▶ Work instructions: Copy each line below exactly as it appears. Pictures are to be omitted.

▶ Source material:
※ ※ ※

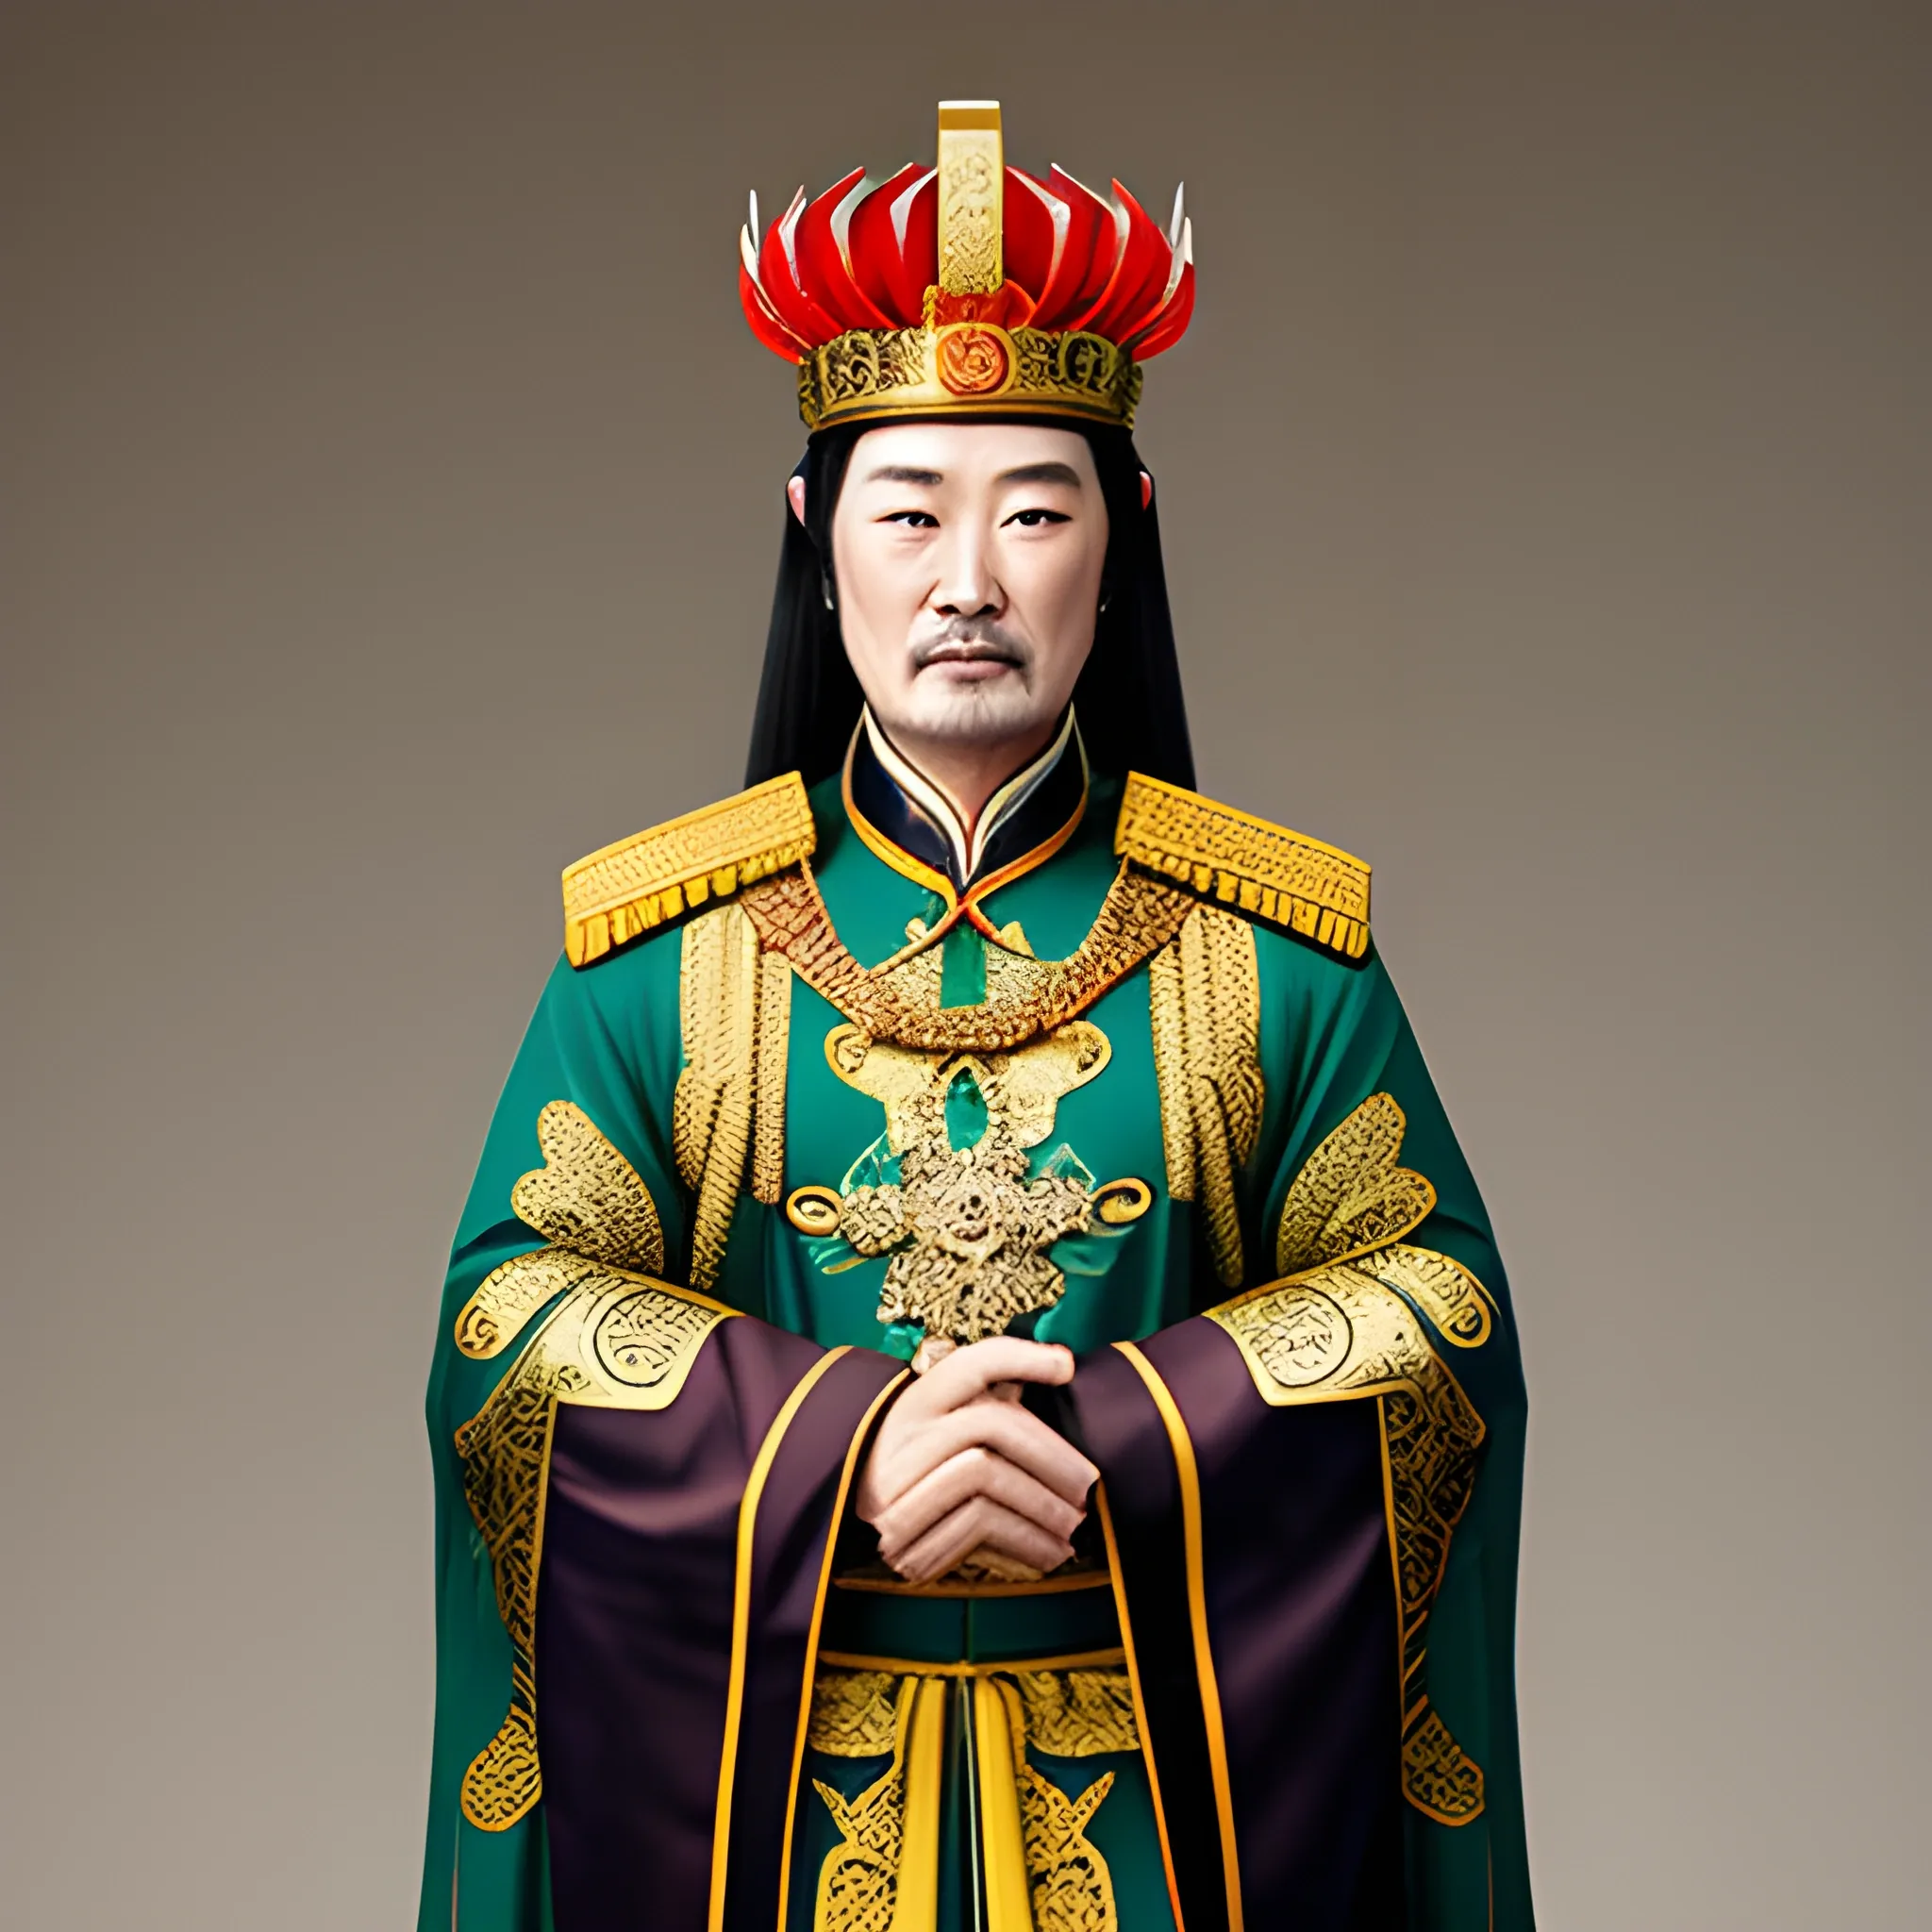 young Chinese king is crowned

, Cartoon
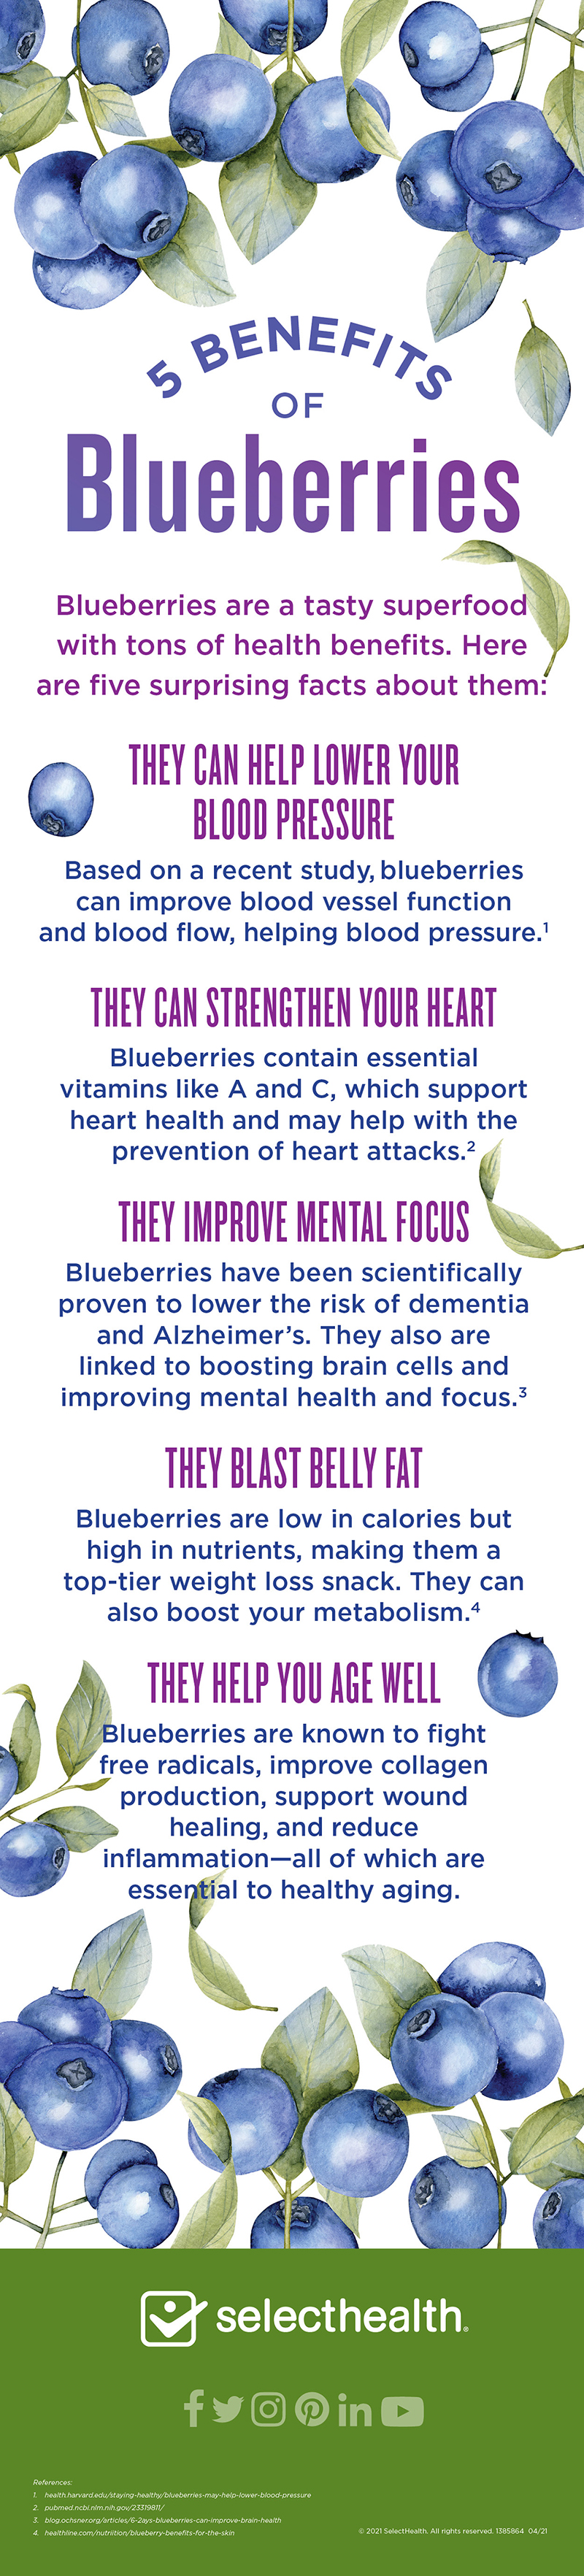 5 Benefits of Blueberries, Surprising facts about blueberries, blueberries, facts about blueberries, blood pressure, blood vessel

※ ※ ※

▶ Answer to this problem:
 young Chinese king is crowned

, Cartoon
 5 Benefits of Blueberries, Surprising facts about blueberries, blueberries, facts about blueberries, blood pressure, blood vessel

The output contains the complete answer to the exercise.